St Peter’s Hospital maternity service in Surrey told to take urgent action

Urgent action is needed after maternity services at a Surrey hospital were rated inadequate by a watchdog.

The Care Quality Commission (CQC) inspected maternity care in January at St Peter’s Hospital, run by Ashford and St Peter’s NHS Foundation Trust.

The trust was told to “take urgent action to ensure women and babies… are not exposed to risk of harm”.

A trust spokesperson said “providing safe, high quality care for our patients is our priority”.
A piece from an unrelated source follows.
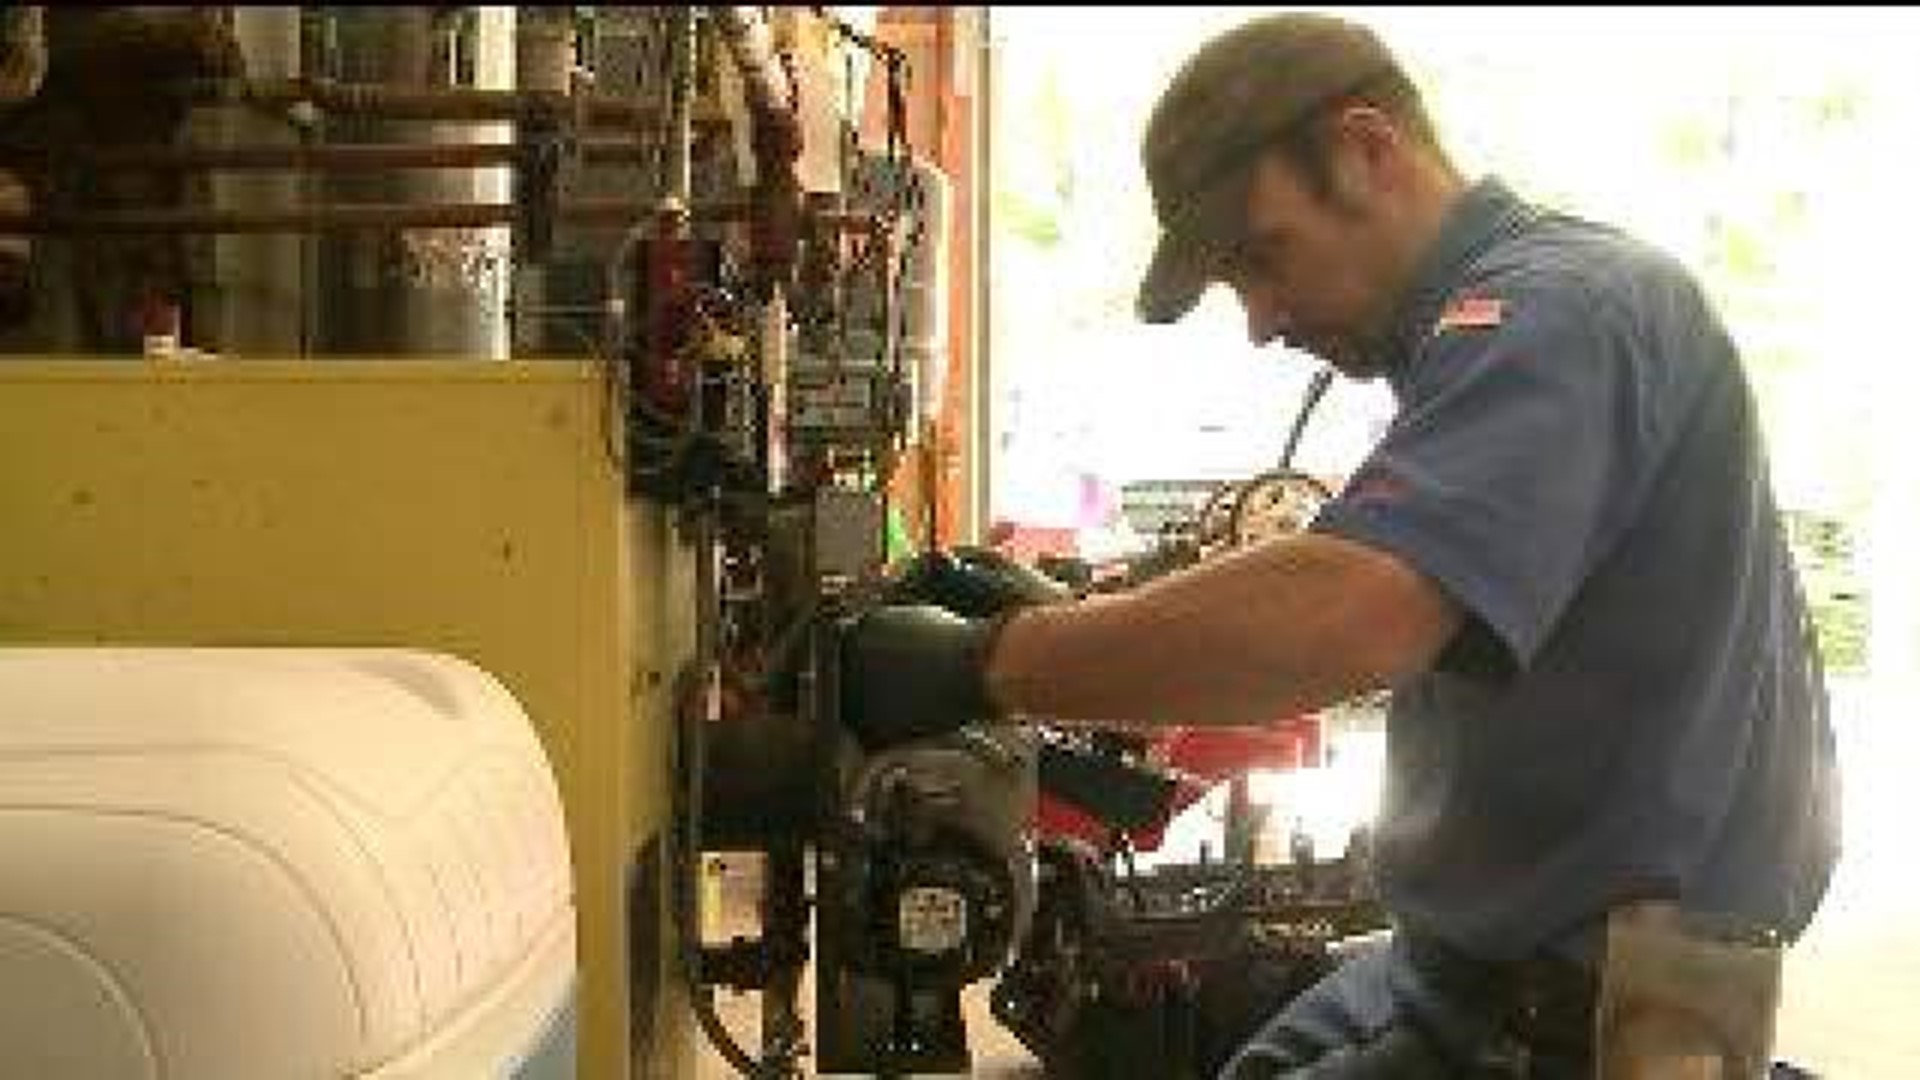 Furnace Repairs are heating up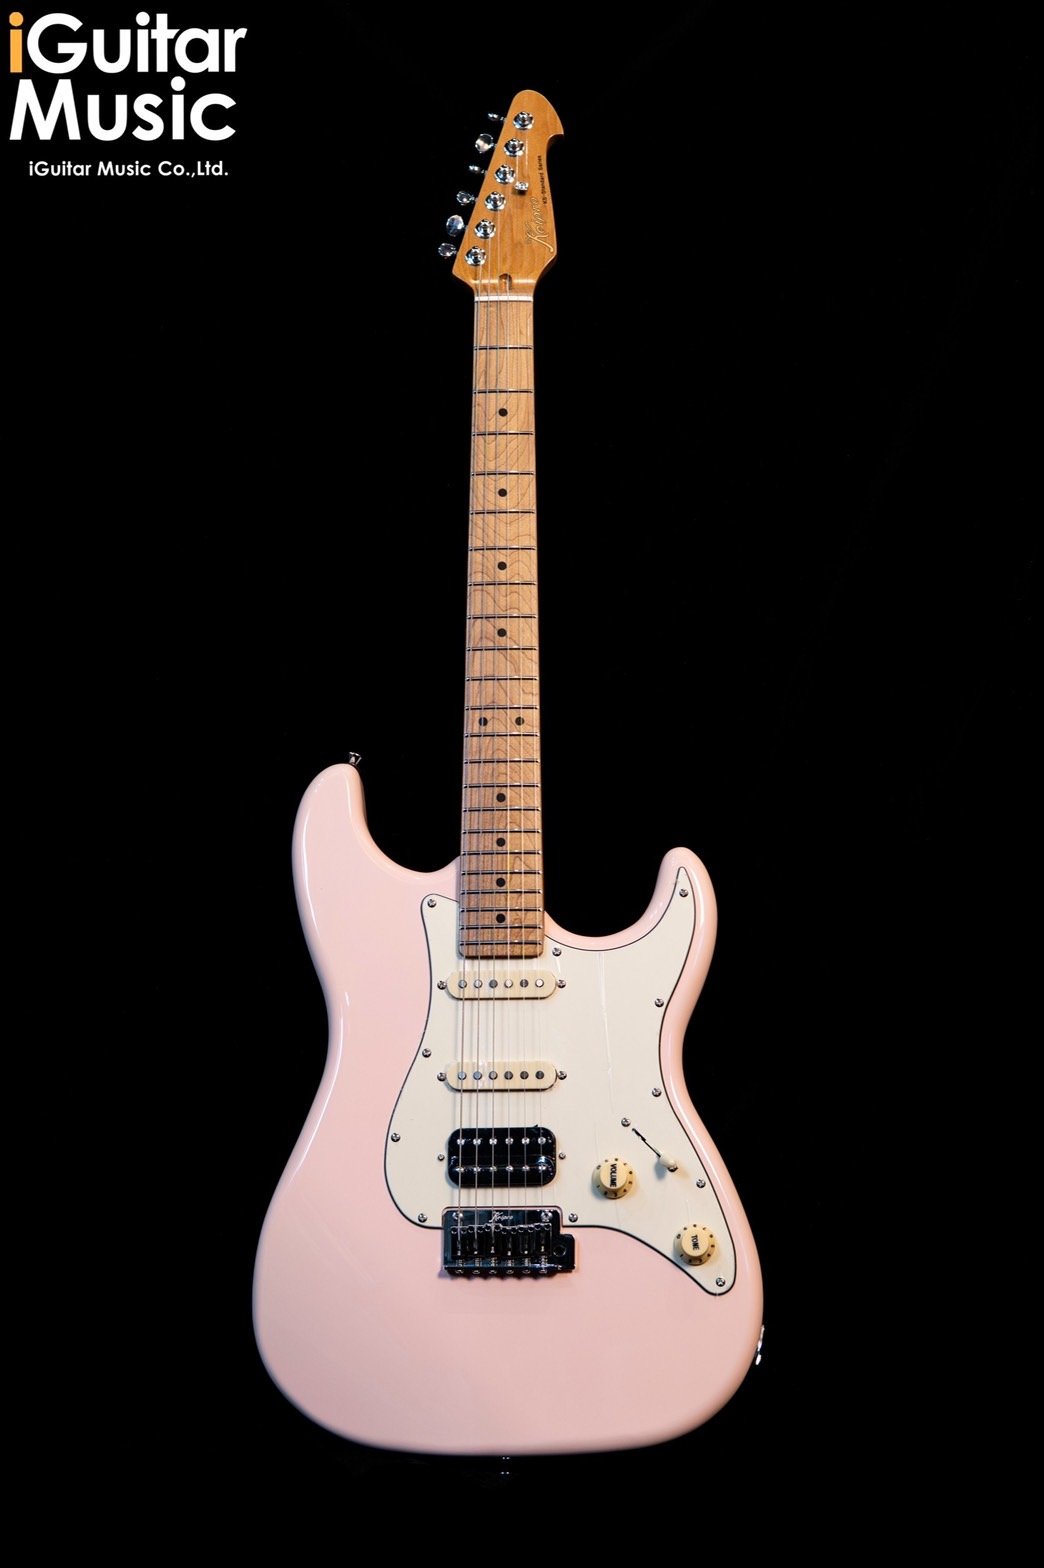 Keipro Standard Series KS-150M HSS - Shell Pink - Roasted Maple Neck

They added: “We apologise to any women, babies and families for whom the care we provided fell short.”

The CQC said its rating of Ashford and St Peter’s NHS Foundation Trust remained good following the visit, but St Peter’s Hospital still “requires improvement”.

Amy Jupp, CQC deputy director of operations in the south of England, said: “It’s concerning that the quality and safety of maternity care at St Peter’s Hospital has deteriorated since our last inspection.

“Risk wasn’t always well managed in the service. Staff didn’t always have enough time to appropriately assess and action risks faced by women or to maintain accurate care records.”

The inspection was carried out as part of the CQC’s national maternity services inspection programme.

CQC inspectors said one of the problems at St Peter’s Hospital concerned the recruiting and retaining of staff, an issue also affecting much of the NHS.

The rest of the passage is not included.